This thesis explores the relationship between art, sensation and thought. It begins from the contention that thought has a tendency to identify and subordinate the artwork according to what it already knows and how it is already capable of thinking. For an artwork to overcome this tendency it needs to express and trigger processes that lie outside of thought's normative procedures of recognition and identification. It is argued that only in this way can the artwork creatively bring something new into thought. Correspondingly, thought needs to develop ways of thinking in relation to the artwork that potentialise rather than close off its creatively fugitive aspects.

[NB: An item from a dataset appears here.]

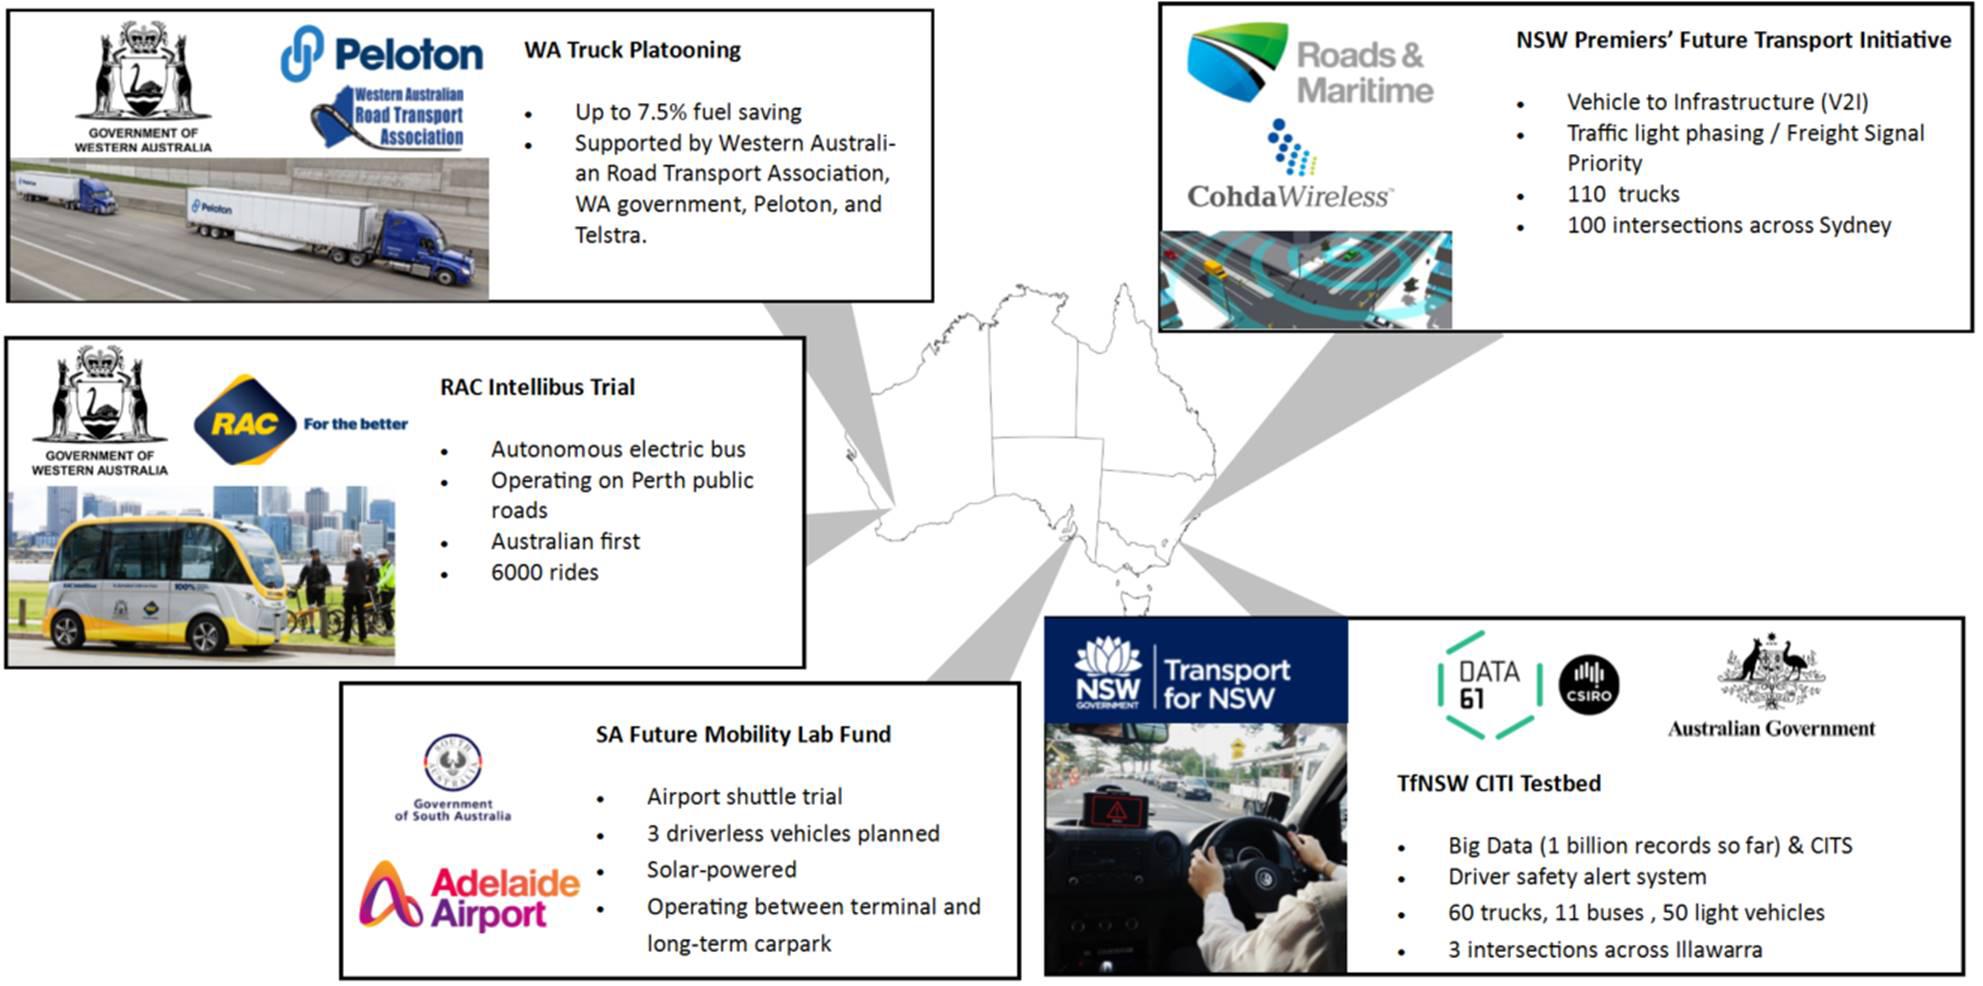 News Green Truck Partnership Air Quality Environment

The written element is a thinking through of themes and ideas central to the artwork. It consists of three chapters which correspond to areas relevant to the art practice: beauty, the sublime, and the relation between sound and vision in the audio-visual. Each looks at the limitations of identity thinking and asks how an artwork might overcome it, and examines the potential for immanent modalities of thinking, asking what these may enable us to do. The key thinkers that inform this study are Deleuze and Guattari, Kant, and Massumi.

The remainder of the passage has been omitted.